Making suggestions and recommendations

  • Why don’t you …? / Maybe you could …? / How about …?
  • You can’t leave New York without (…doing sth)
  • I’m sure you will enjoy (…doing sth). If you like, we can …
  • Do visit … / Don’t forget to …


The end of your letter is as important as the beginning. There are some standard ways of finishing an informal letter or email.

  • Give a reason why you’re ending the letter: Anyway, I must go and get on with my work! / I guess it’s time I got on with that studying I’ve been avoiding.
  • Send greetings and/or make reference for future contact: Give my love / regards to… / Say hello to… / Anyway, don’t forget to let me know the dates of the party. / I’ll try and phone you at the weekend to check the times. / We must try and meet up soon. / I can’t wait to hear from you / Look forward to seeing you again / Hope to hear from you soon / See you soon / Write soon
  • Closing statement such as Love, Lots of love, All the best, Take care, Best wishes, should be written on a new line.

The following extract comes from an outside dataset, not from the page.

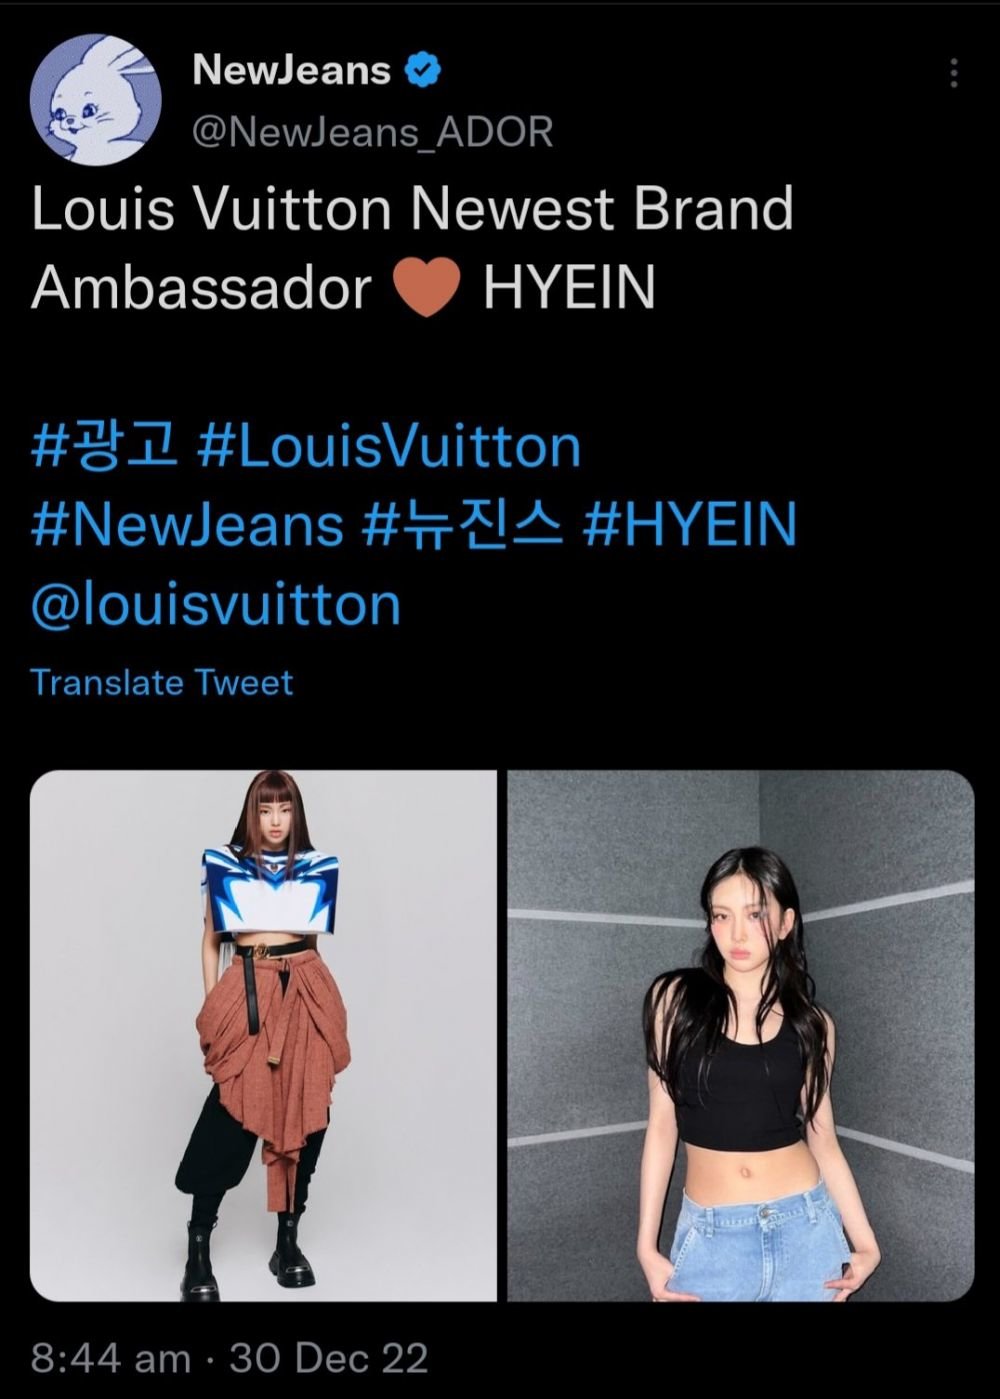 hyein brand ambassador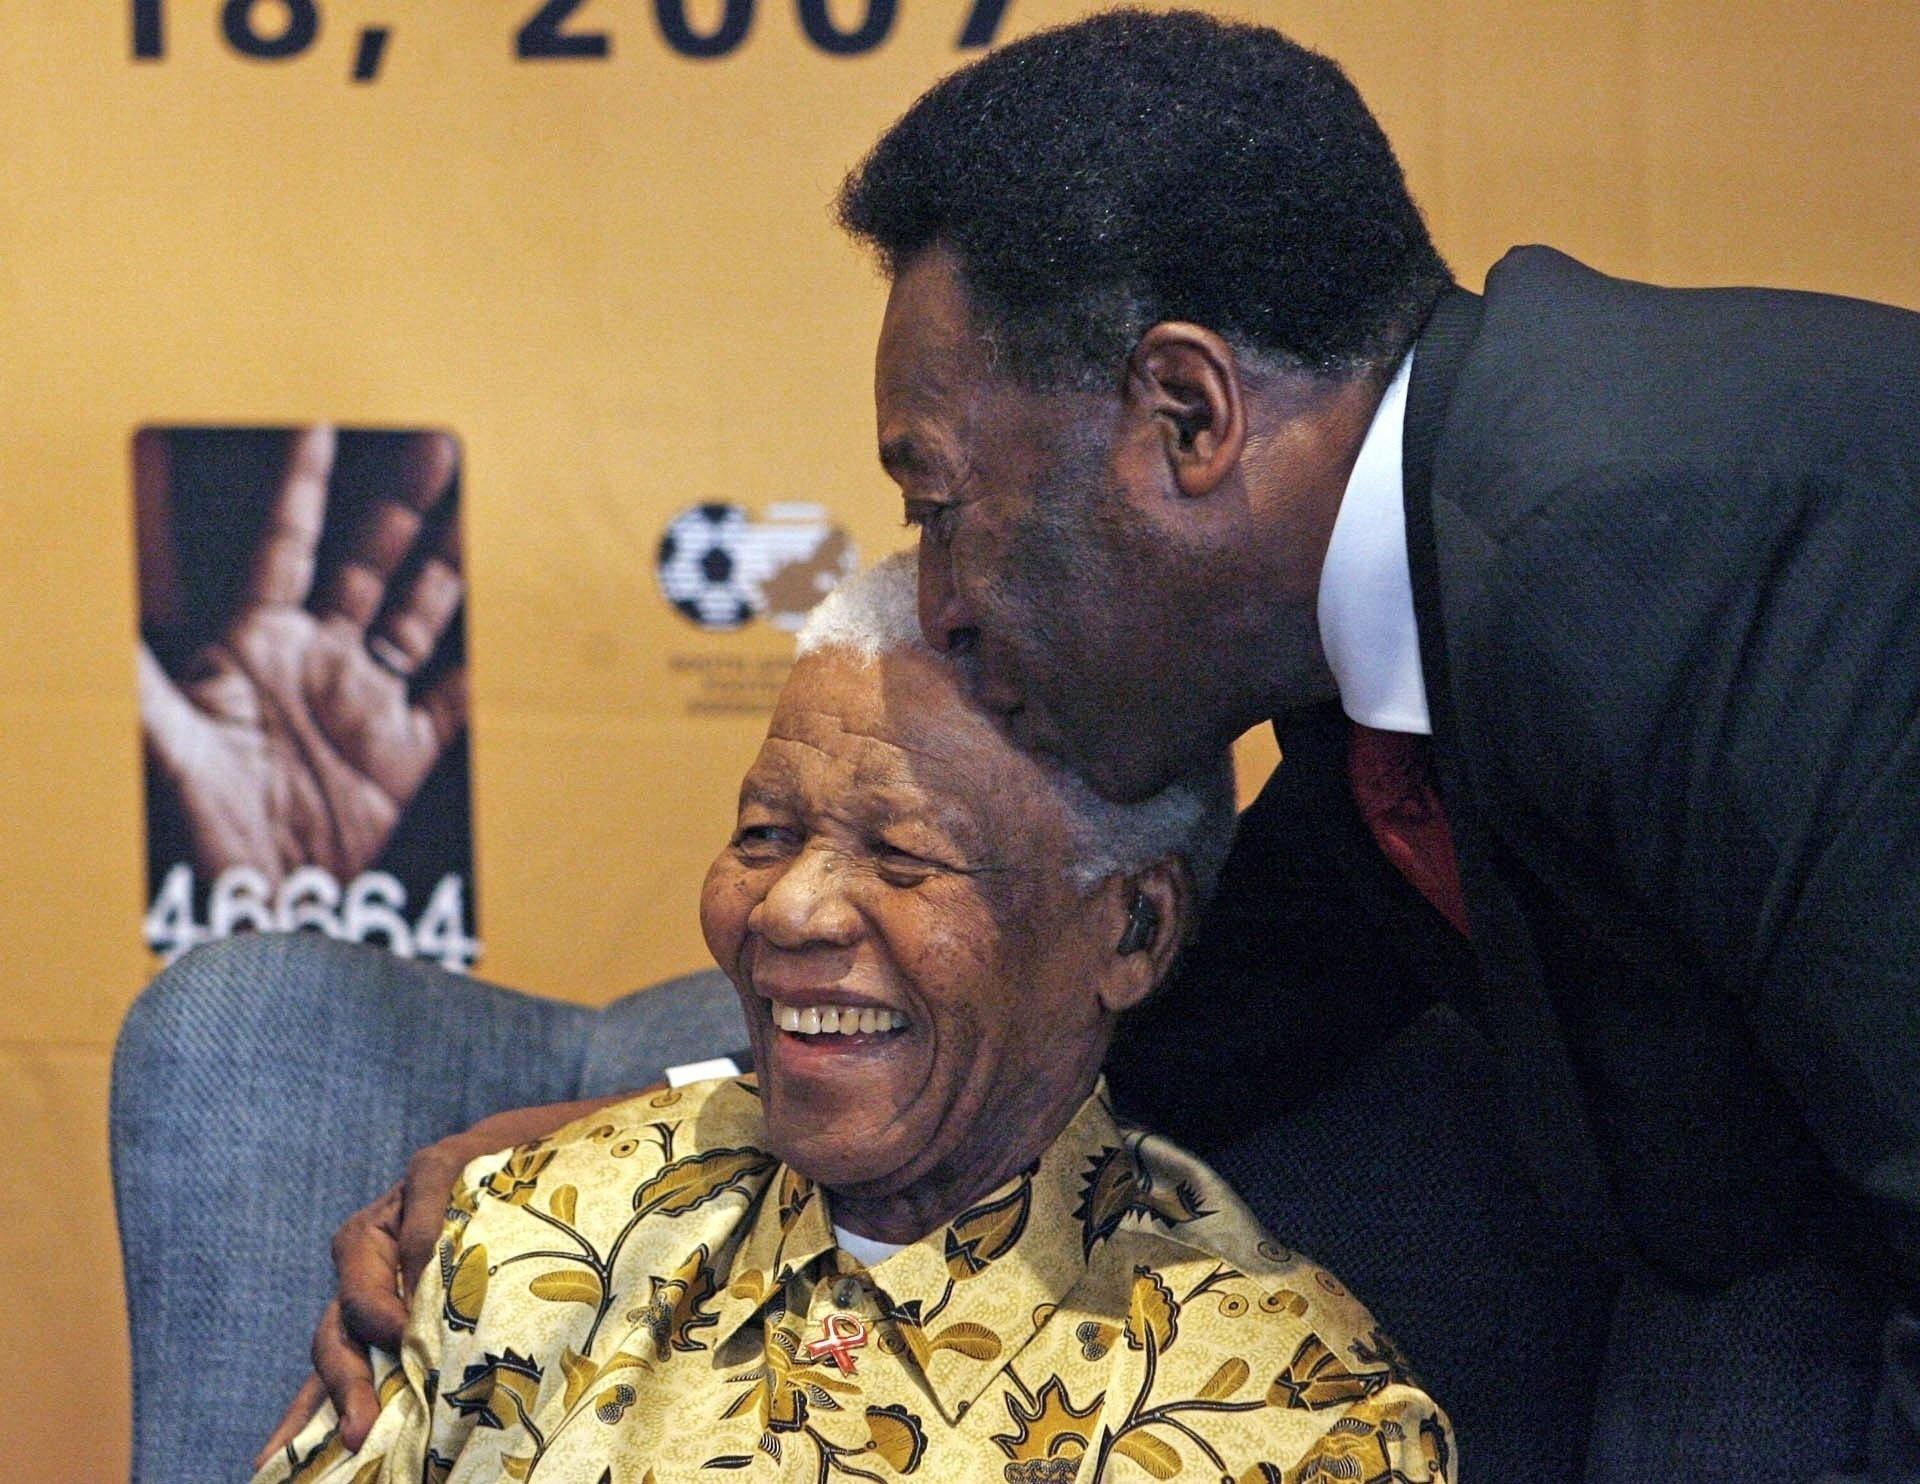 Pelé beija a cabeça de Nelson Mandela na véspera da partida amistosa "90 minutos por Mandela" em comemoração aos 89 anos do ex-presidente da África do Sul, em Johannesburgo, África do Sul. - Chris Ricco/AFP

If you used a comma after the opening greeting, use a comma here too.
  • Signing off: Your first name then follows on another new line.

Other things to consider

Range: It is important that you use grammatical expressions and vocabulary appropriate to the level of the exam. Even if there are no mistakes in your writing, you will not be able to get a good grade if you use only the language and vocabulary that you learnt at elementary level. Even in informal writing, there is a good range of language you can use (conditional sentences, a range of perfect and continuous tenses, indirect questions…)

Informal language, including phrasal verbs, informal vocabulary (“I guess you loved the pics“), contractions, question tags.

Simpler sentence structure: I’ll be late for the party. It’s because of my French exam.

Connectors: All good writing makes good use of connectors. However, many of the connectors you have learnt for other styles of writing are inappropriate in an informal letter or email. For informal writing, you need to use some of the connectors that are more specific to spoken language.

  • To introduce a topic: Well, you’ll never guess who I bumped into yesterday. / I know how much you love tennis, so I’ve got us some tickets to Wimbledon. / By the way, did you know that John’s got a new job?
  • To go back to a previous topic: Anyway, as I was saying earlier, I really wasn’t very happy there. / Now where was I? Oh yes, I nearly forgot, Mary asked me tell you about the cinema.
  • To introduce surprising or bad news: Actually, he came to the party after all. / I’m really sorry but I can’t make it. / To tell you the truth, I don’t really like sports much.
  • To summarise what you’ve already said: Anyway, we had a really nice time in the end. / Well, to cut a long story short, we didn’t get there on time.